Population (2024 census)
- • Total: 90,162
- • Density: 178.49/km^{2} (462.28/sq mi)
- • Households: 20,869
- Demonym: Próspero(-a)

Economy
- • Income class: 1st municipal income class
- • Poverty incidence: 28.98% (2023)
- • Revenue: ₱ 486.6 million (2024)
- • Assets: ₱ 1,433 million (2024)
- • Expenditure: ₱ 402 million (2024)
- • Liabilities: ₱ 541.9 million (2024)

Service provider
- • Electricity: Agusan del Sur Electric Cooperative (ASELCO)
- Time zone: UTC+8 (PST)
- ZIP code: 8500
- PSGC: 1600306000
- IDD : area code: +63 (0)85
- Native languages: Agusan Butuanon Cebuano Higaonon Tagalog
- Catholic diocese: Roman Catholic Diocese of Prosperidad
- Named after: Prosperity
- Website: www.prosperidad.gov.ph

= Prosperidad =

Capital of Agusan del Sur, Philippines

Prosperidad, officially the Municipality of Prosperidad (Lungsod sa Prosperidad; Bayan ng Prosperidad), is a municipality and capital of the province of Agusan del Sur, Philippines.

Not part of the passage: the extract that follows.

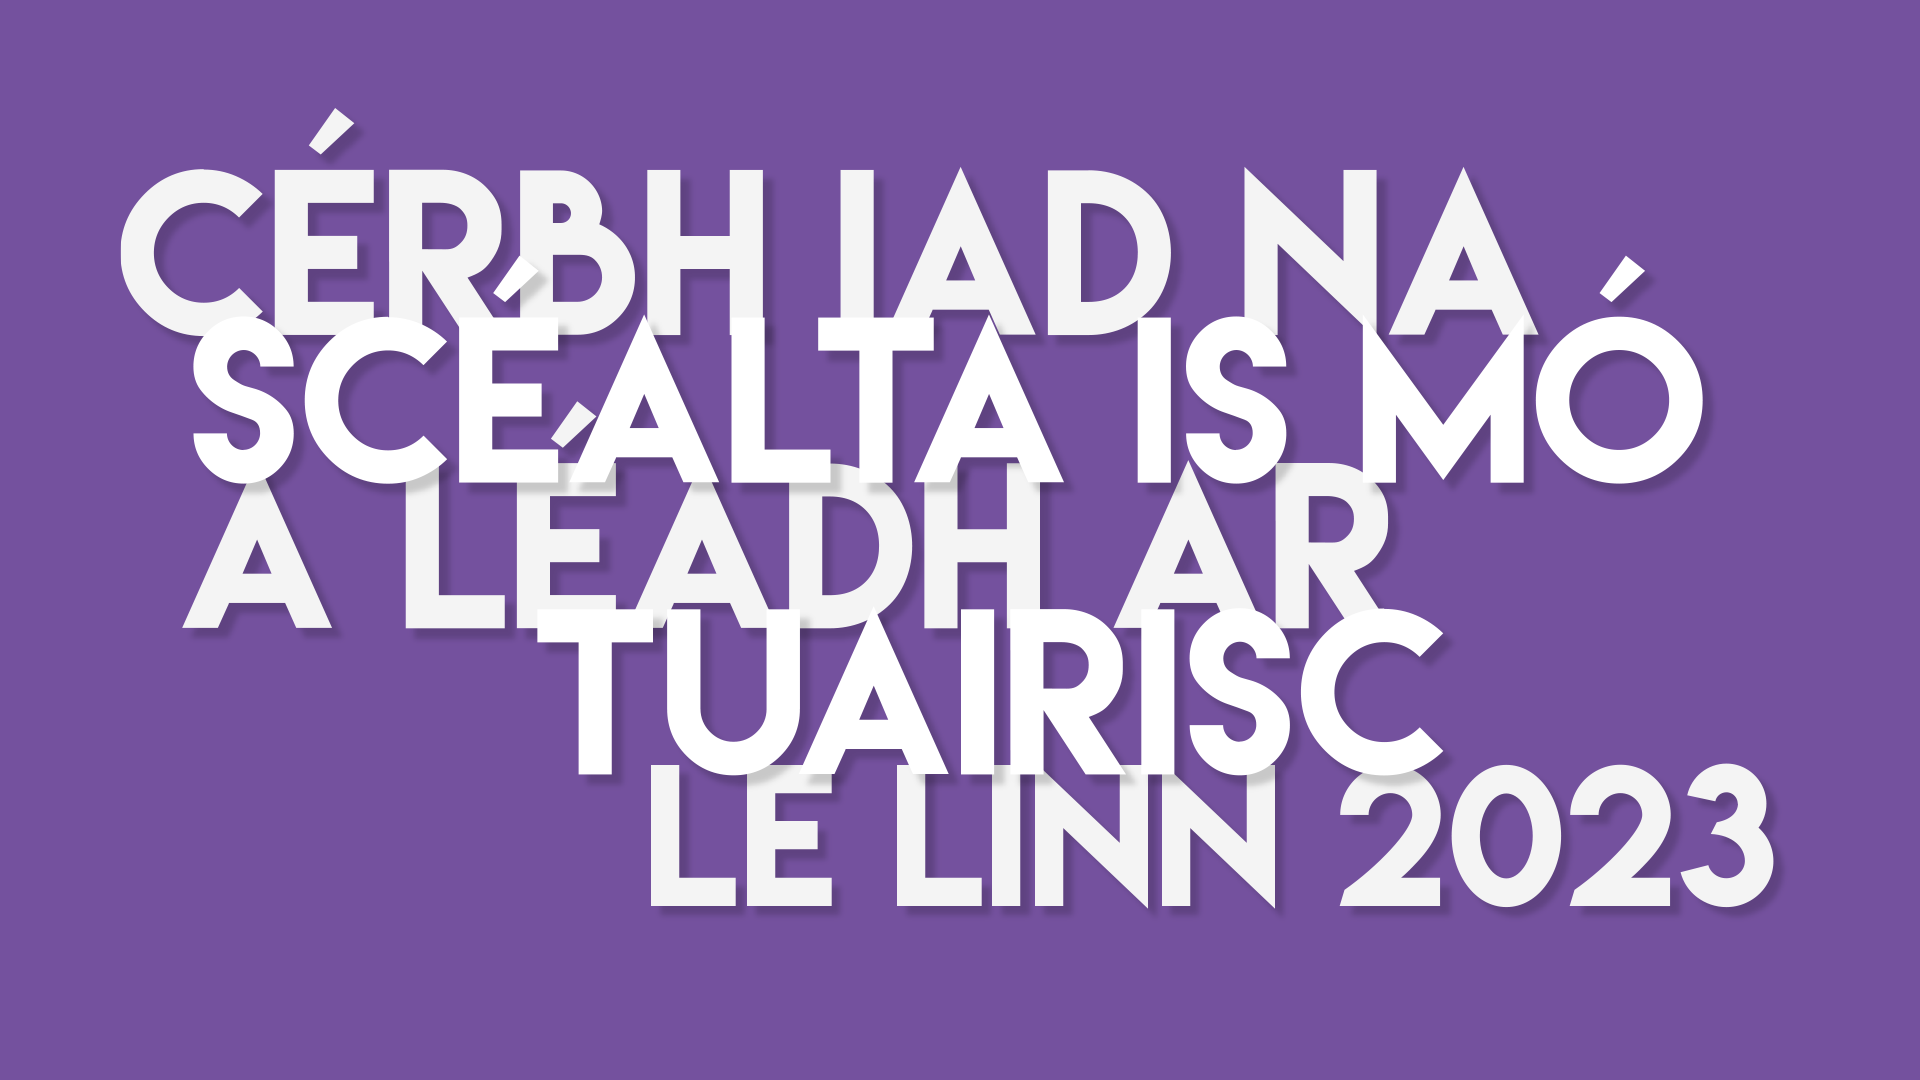 Cérbh iad na scéalta is mó ó shaol na Gaeilge agus na Gaeltachta a léadh ar Tuairisc le linn 2023? (11 go dtí 1)

According to the 2024 census, it has a population of 90,162 people.

Prosperidad was created on June 18, 1960, through Republic Act No. 2650.

Prosperidad is the venue of the Naliyagan Festival, an annual event celebrated by the entire province of Agusan del Sur. It also hosts its own festival called the Angot Festival celebrated every 28 September in honor of St. Michael the Archangel.

==History==

Prior to the Spanish Colonial Period, a Manobo settlement thrived at the junction of the Sianib and Gibong River. This settlement was known to the natives as Culilay.

During the Spanish Colonial Period, the missionaries discovered the settlement and soon began the Christianization of the Manobos. The natives were given Christian names and the settlement was renamed from Culilay to Las Navas", as the site was full of bancas, being the means of transportation at the time.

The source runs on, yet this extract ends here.